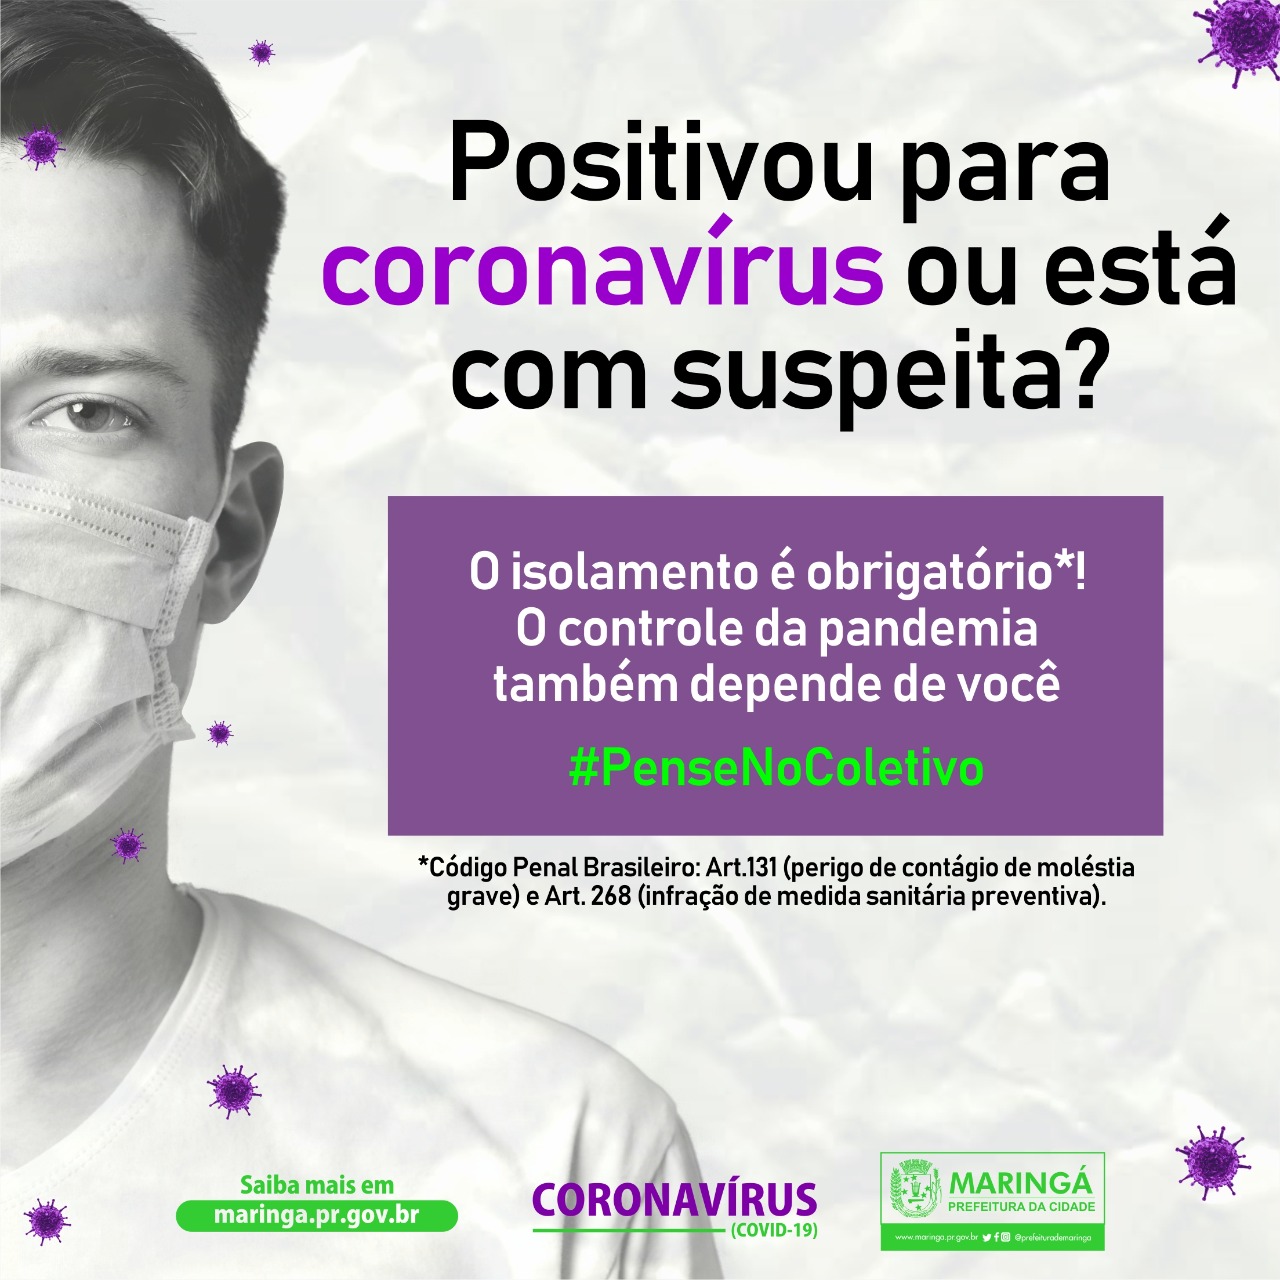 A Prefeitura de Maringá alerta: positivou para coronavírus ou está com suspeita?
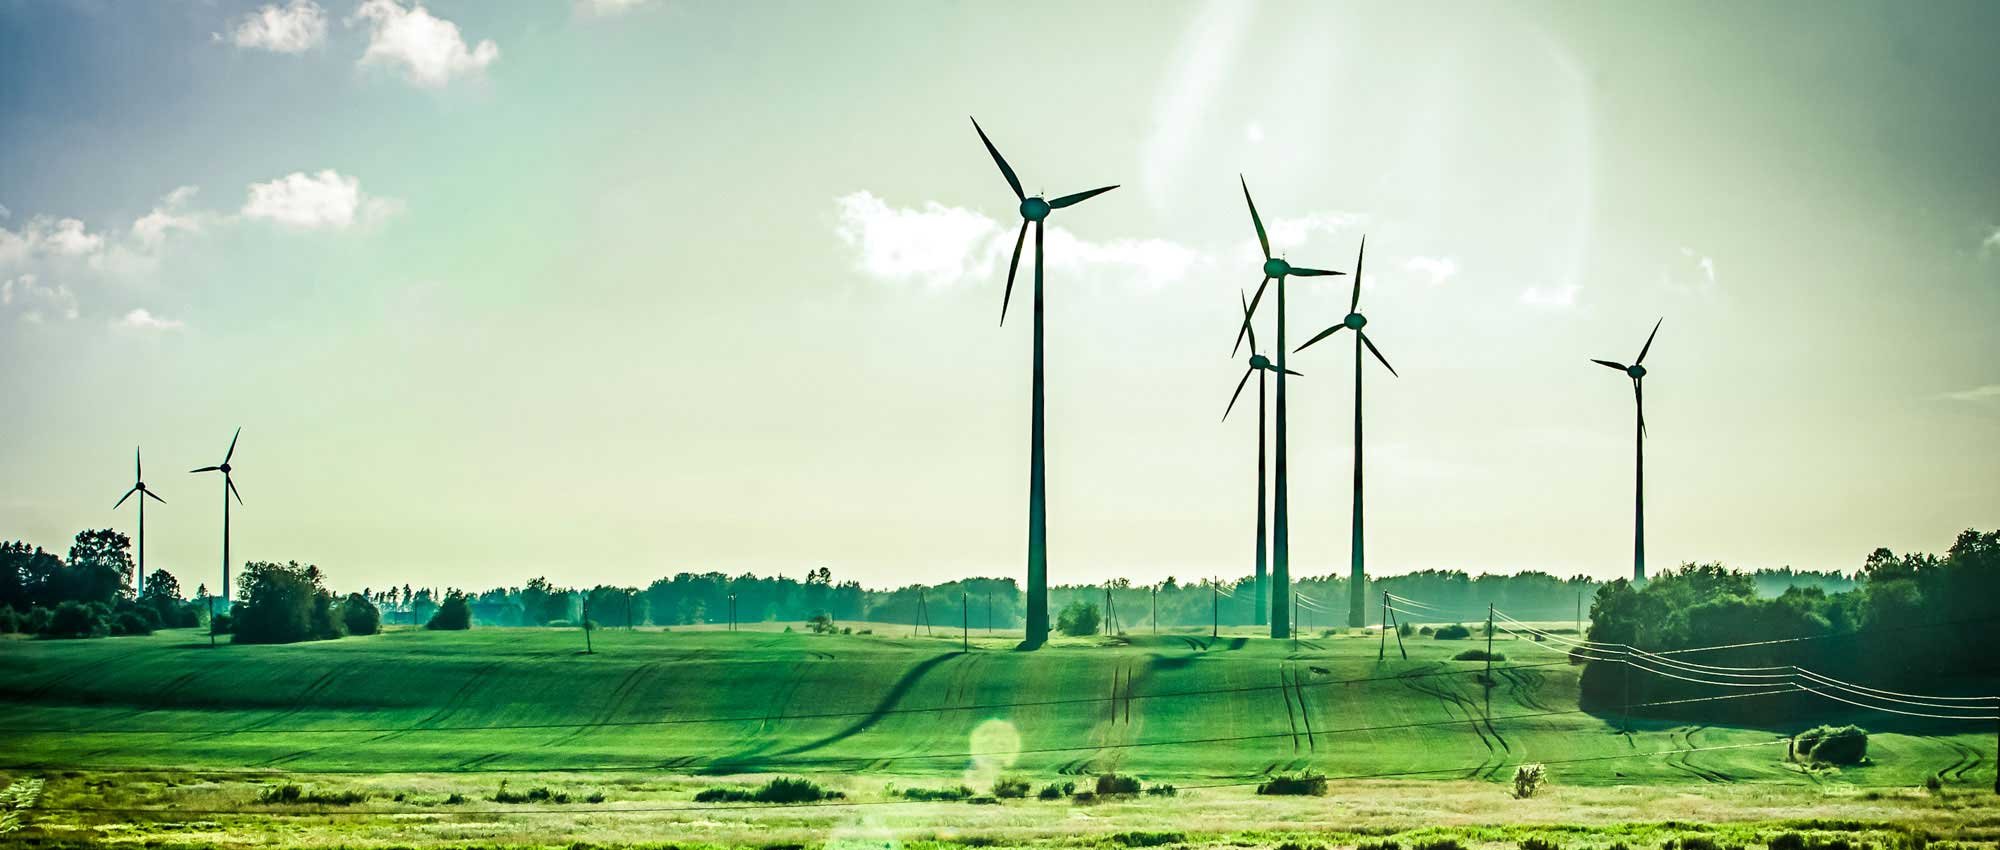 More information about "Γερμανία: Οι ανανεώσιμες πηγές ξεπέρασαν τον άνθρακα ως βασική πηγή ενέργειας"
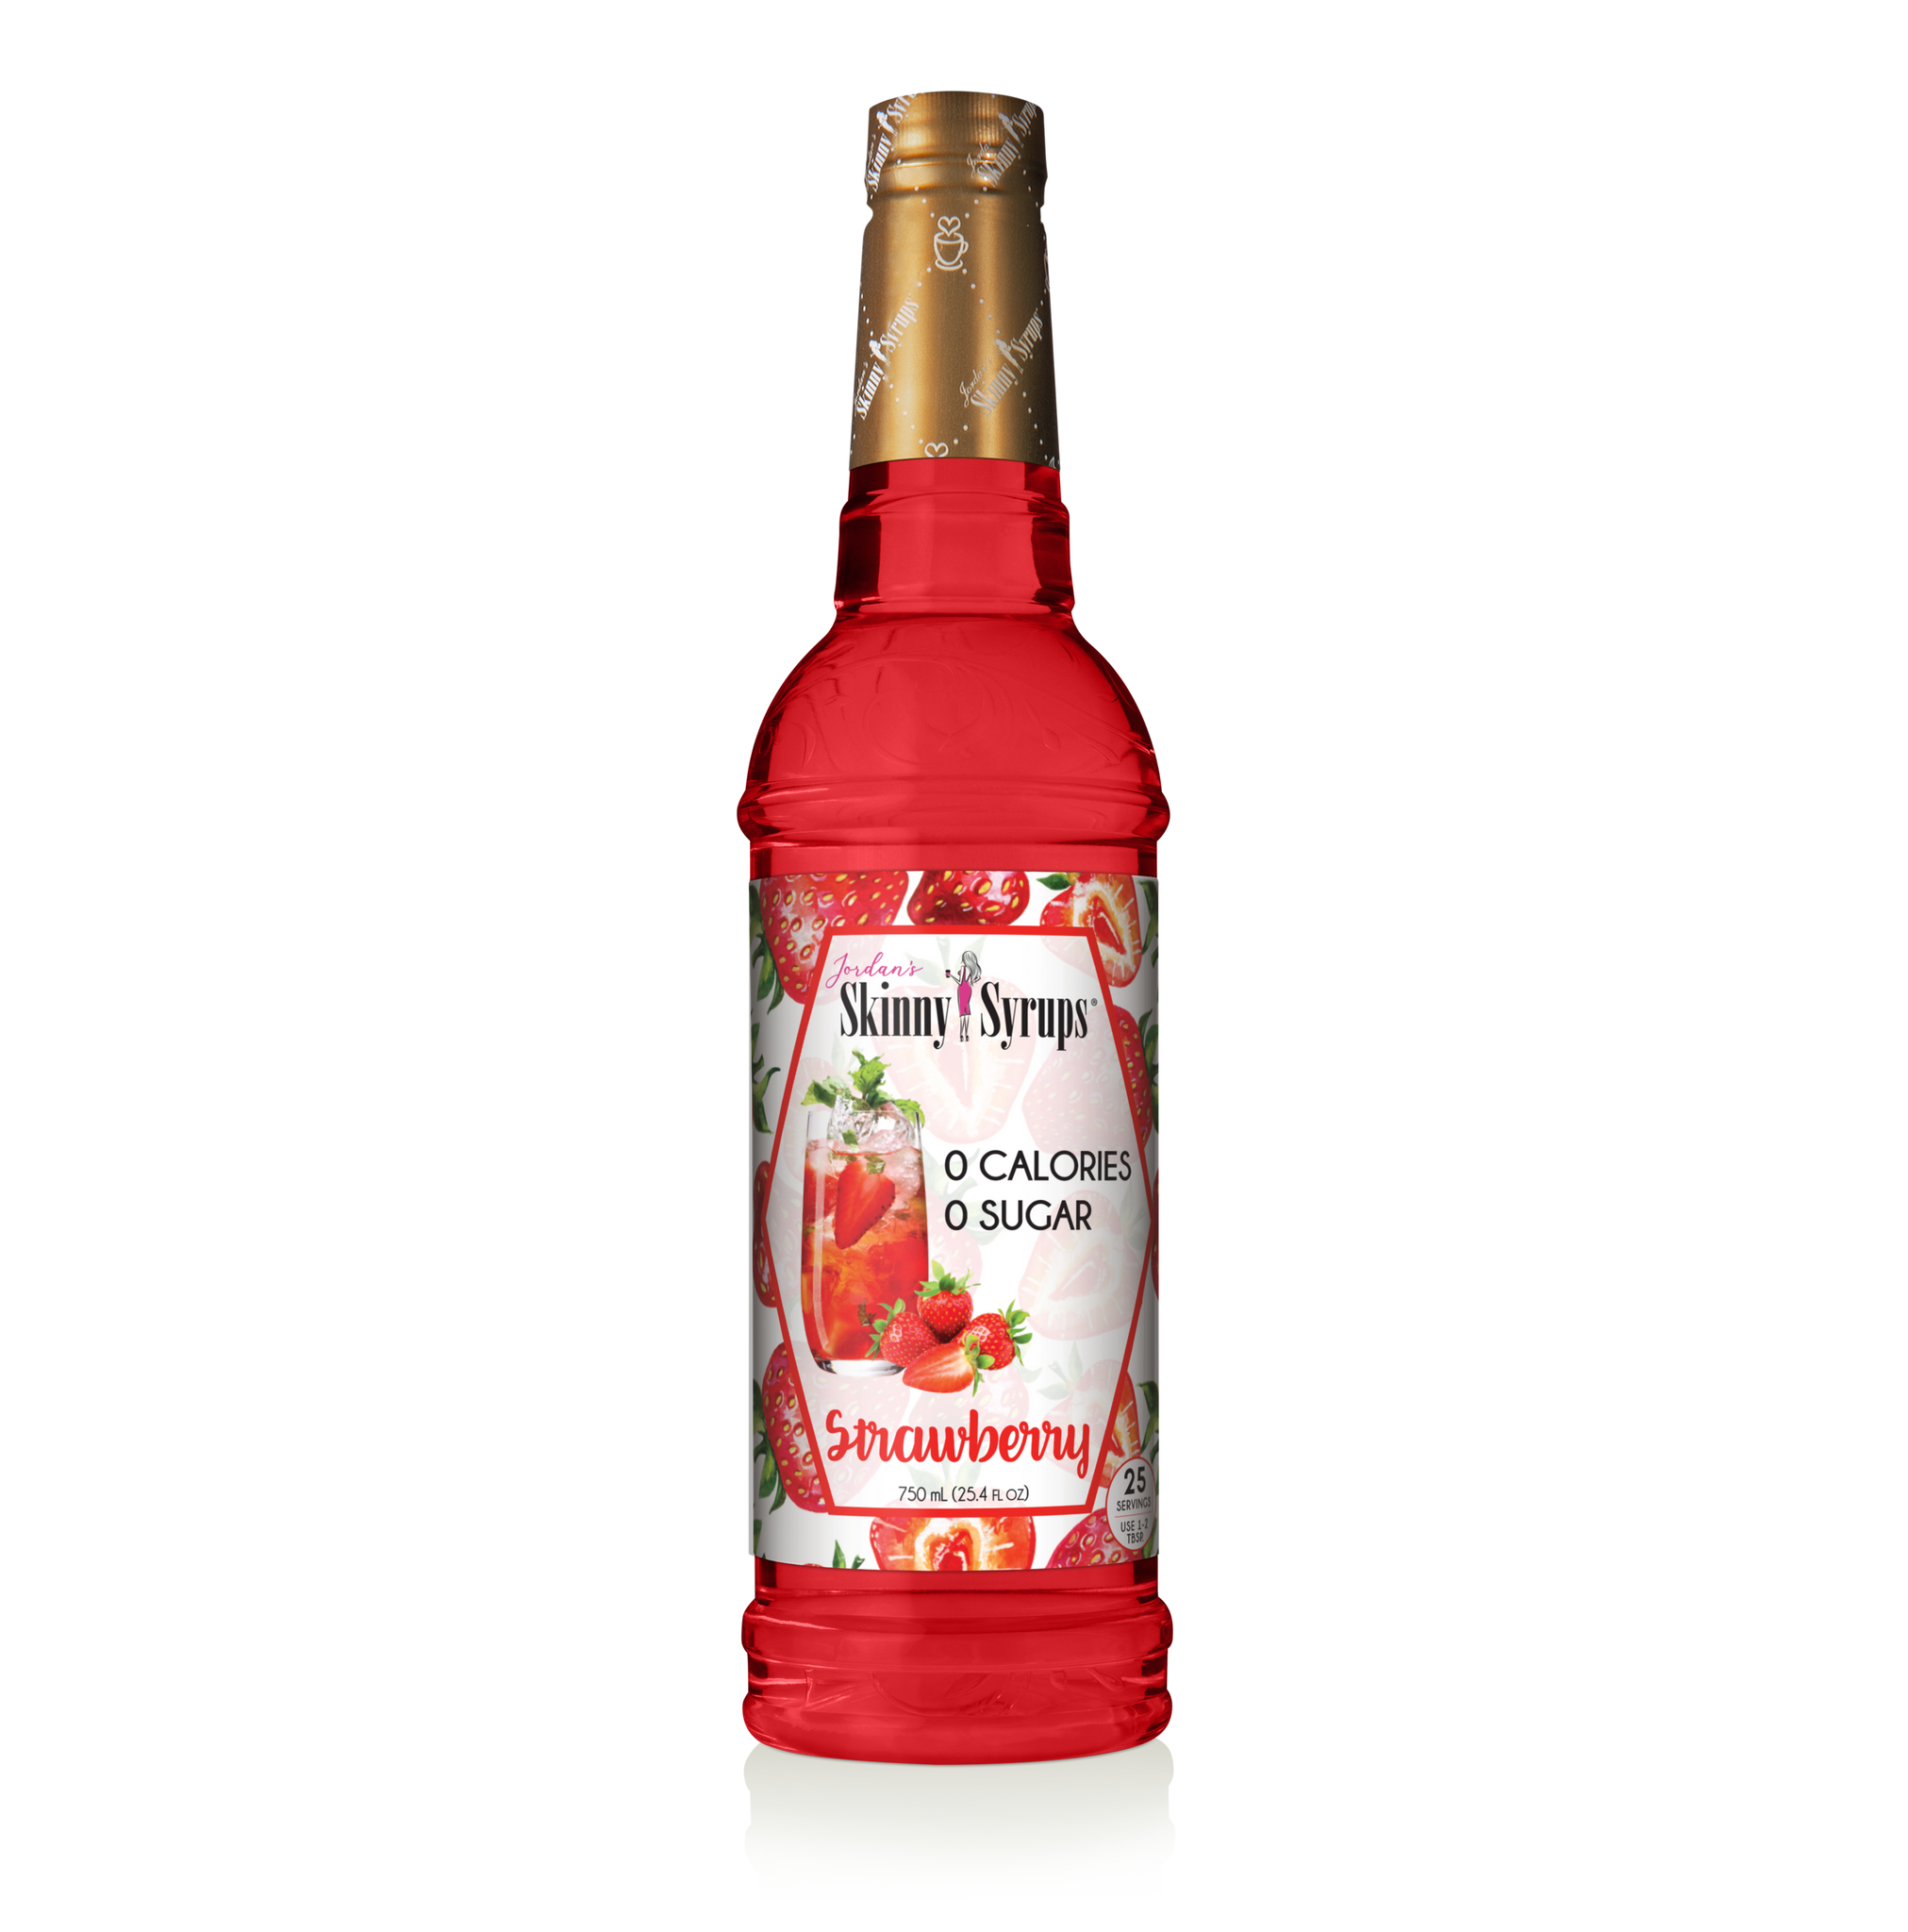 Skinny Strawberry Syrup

INSTRUCTIONS FOR THE TASK: Reproduce the final stretch of lines exactly: the line containing "More information about" through the last line of the data, both included. Pictures do not belong in the copy.

WRITTEN REPLY:
 More information about "Γερμανία: Οι ανανεώσιμες πηγές ξεπέρασαν τον άνθρακα ως βασική πηγή ενέργειας"
 Skinny Strawberry Syrup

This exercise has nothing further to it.